LE 01 OCTOBRE 200610 min

Il y a cinquante ans, Nasser nationalisait la


Compagnie universelle du canal maritime de Suez. Le
bras de fer qui s'engage alors entre l'Egypte, la
France et le Royaume-Uni met la livre sterling sous
pression.

Par Christian Chavagneux


Le 26 juillet 1956, Gamal Abdel Nasser, président de l’Egypte,
annonce dans un discours public la nationalisation de la Compagnie
du canal de Suez et... part d’un énorme éclat de rire qui fait le tour des
radios du monde entier. En représailles, les troupes israéliennes
attaquent l’Egypte le 29 octobre, suivies le 5 novembre par les
Parachutistes britanniques et français, bien décidés à reprendre le
canal en main, mais qui acceptent le cessez-le-feu demandé par les
Nations unies dès le 6 novembre, avant d’engager le retrait de leurs
troupes un mois plus tard. Une étrange défaite, au regard des rapports
de force militaires en présence, pour laquelle le Trésor américain, les
grandes compagnies pétrolières et les marchés financiers ont été
déterminants.

Les gros sous d’Assouan


A l’origine de la crise, une histoire de gros sous. Ceux que recherche
Nasser en 1955 pour financer la construction d’un barrage, à
Assouan, afin d’irriguer les terres et produire de l’électricité. A priori,
l’Egypte a de quoi payer grâce aux 150 millions de livres sterling de
réserves qu’elle détient, une somme largement suffisante pour couvrir
le coût en devises du projet. Mais il y a un hic : le pays appartenant à
la zone d’influence monétaire britannique, comme les colonies et ex-
colonies anglaises, ses réserves sont gérées directement par la
Banque d’Angleterre, qui doit donner son accord. Et les Britanniques
refusent de débloquer les fonds : les réserves égyptiennes
représentent 20 % des réserves totales de la zone, une somme dont
ils ne veulent pas se départir d’un bloc, craignant que cela ne produise
un mouvement de défiance à l’encontre de la livre.
Le gouvernement de sa Majesté est néanmoins poussé par plusieurs
grosses entreprises britanniques, qui attendent de gros contrats, à
aider les Egyptiens à trouver d’autres sources de financement.

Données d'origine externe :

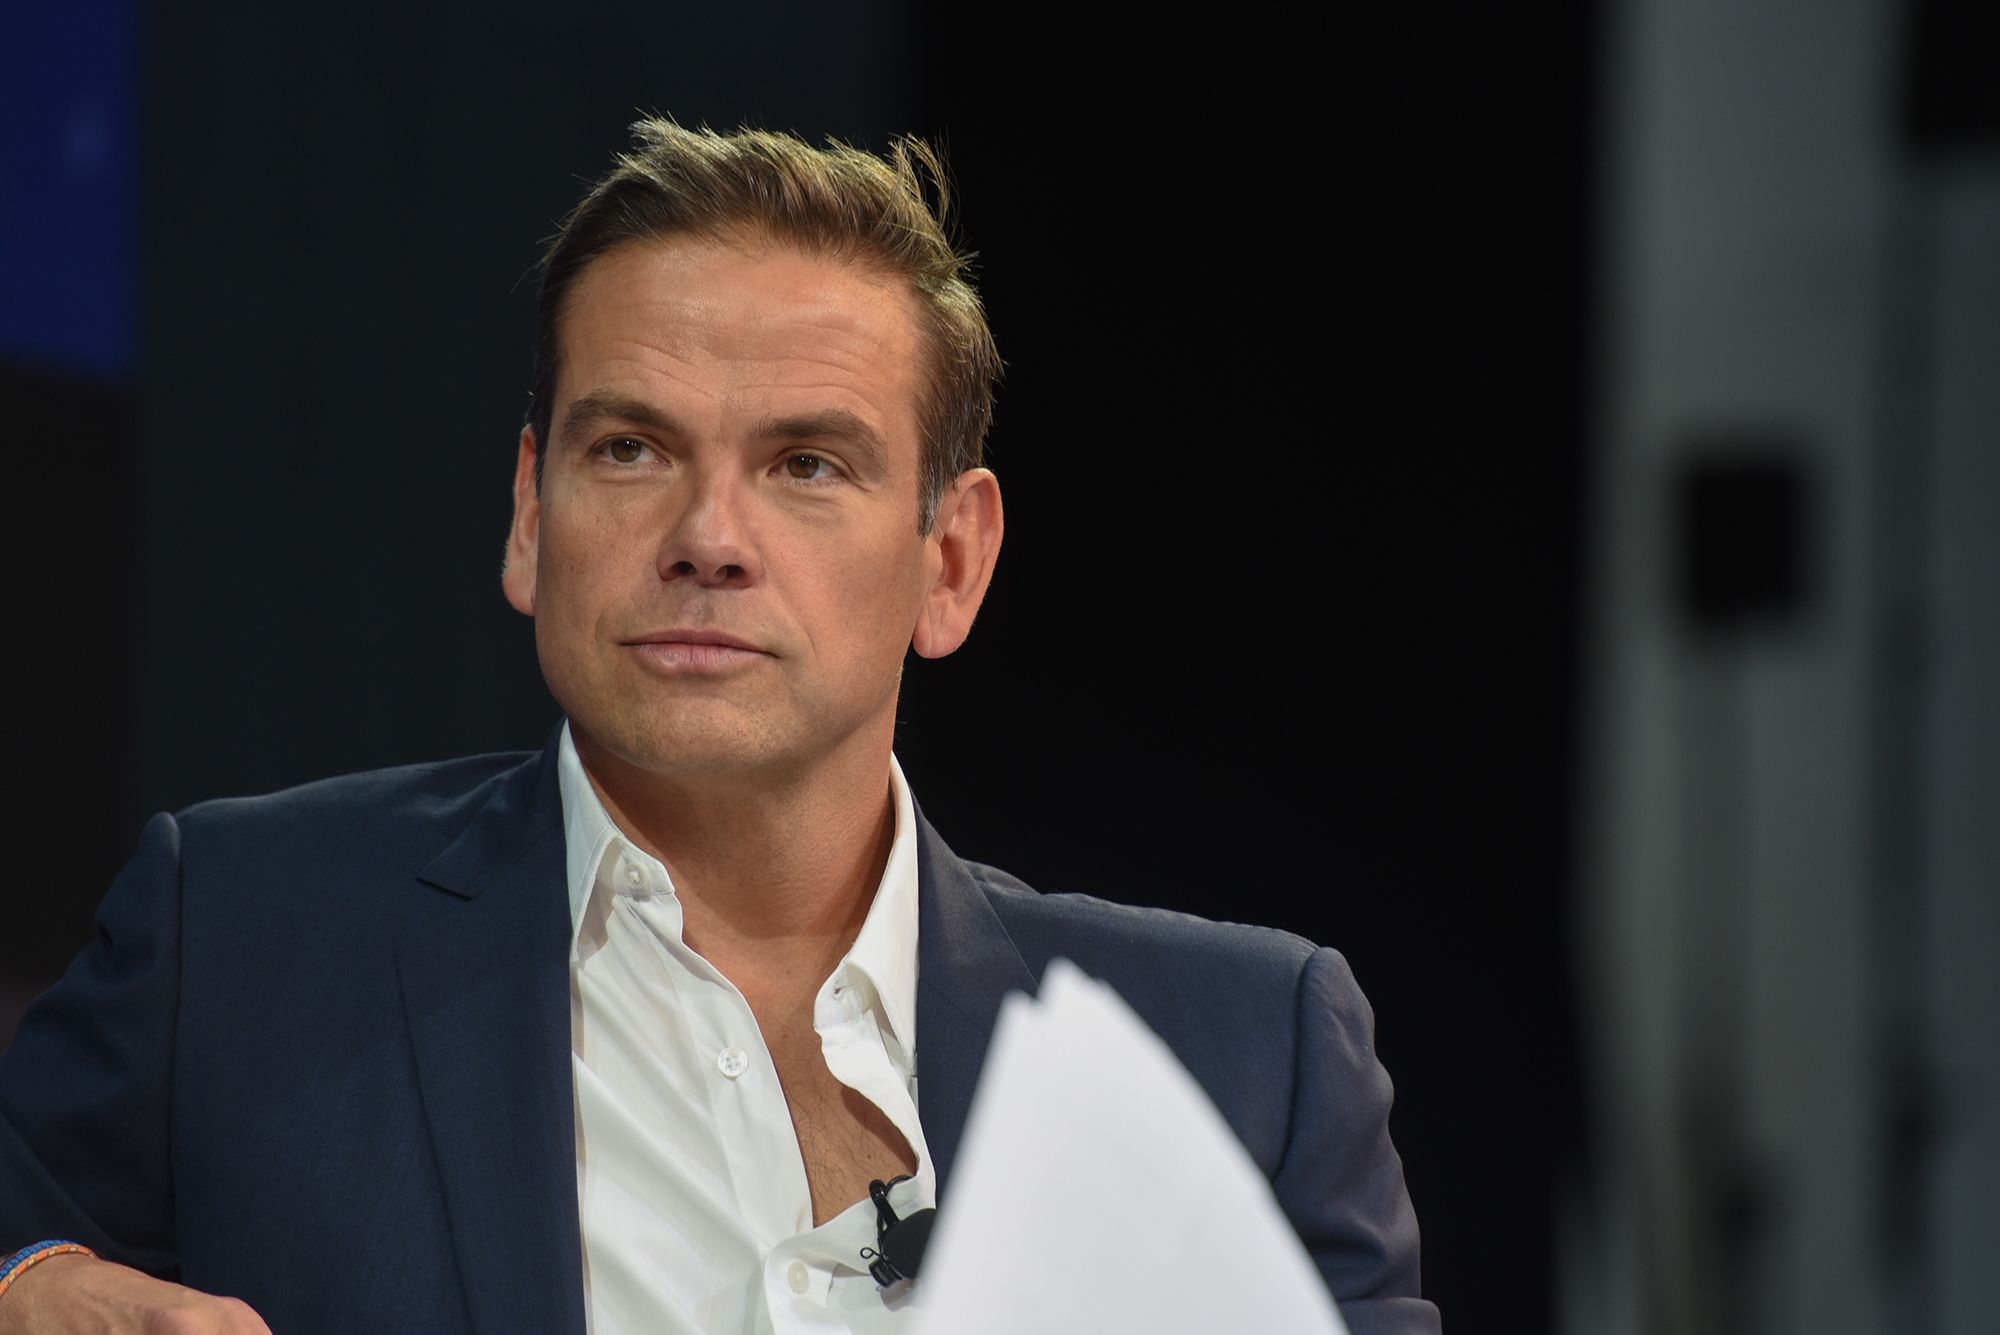 Who is Lachlan Murdoch, the new chairman of Fox and News Corp? | CNN Business

C’est
ainsi que la Banque mondiale et les Etats-Unis vont entrer en jeu. La
première n’est prête à financer qu’une partie du projet et réclame en
échange le droit de surveiller les comptes de l’Etat égyptien, deux
restrictions qui ne plaisent guère à Nasser. Le 27 septembre, pendant
les négociations, l’Egypte annonce qu’elle a acheté des armes
soviétiques. Les Américains craignent alors que les Russes proposent
un financement alternatif ; ils se disent donc prêts à participer. Avant
de revenir sur leur position, persuadés que Nasser, une fois l’argent
occidental en poche, ira de toute façon se jeter dans les bras des
Russes. Le 19 juillet 1956, ils indiquent leur refus d’apporter leur
soutien financier. Le lendemain, les Britanniques font de même. " Ce
fut la façon insultante avec laquelle le refus fut formulé qui me surprit,
pas le refus lui-même ", commentera Nasser dix ans plus tard. Le 26
juillet, il annonce au monde la nationalisation de la Compagnie du
canal de Suez.

La livre perd du poids


L’arme des sanctions économiques est aussitôt utilisée en riposte : les
Britanniques gèlent les avoirs publics et privés égyptiens et bloquent
les transactions financières avec le pays. Les Américains gèlent les
fonds publics (75 % des réserves d’or de la banque centrale
égyptienne sont gérés par la Federal Reserve Bank of New York).
Mais, à bien y regarder, le rapport de force est loin d’être favorable à
l’Angleterre.

L’Egypte dispose de quelques atouts dans sa manche. Elle peut


compter sur des sources alternatives pour financer son économie
auprès des pays communistes. La Chine, par exemple, lui achète du
coton, payé en francs suisses obtenus en vendant ses livres sterling.
Nasser prend bien garde de laisser fonctionner le canal, pour ne pas
susciter trop d’hostilité ; il laisse même passer les bateaux qui paient
la taxe d’utilisation du canal sur les comptes gelés de la Compagnie à
Paris, Londres ou New York.

A l’inverse, la position financière de l’Angleterre est plus que fragile au


moment où démarre le conflit. Le pays est sorti exsangue et très
endetté de la Seconde Guerre mondiale. Depuis, la confiance dans la
livre sterling est faible. Les marchés financiers guettent le moment où
les Britanniques ne pourront plus tenir le taux de change fixe d’une
livre pour 2,80 dollars, établi en 1949 après une première dévaluation
par rapport au taux de change fixé à Bretton Woods ; ils seront alors
obligés de dévaluer à nouveau.

La crise de Suez alimente la spéculation et la livre est sous pression.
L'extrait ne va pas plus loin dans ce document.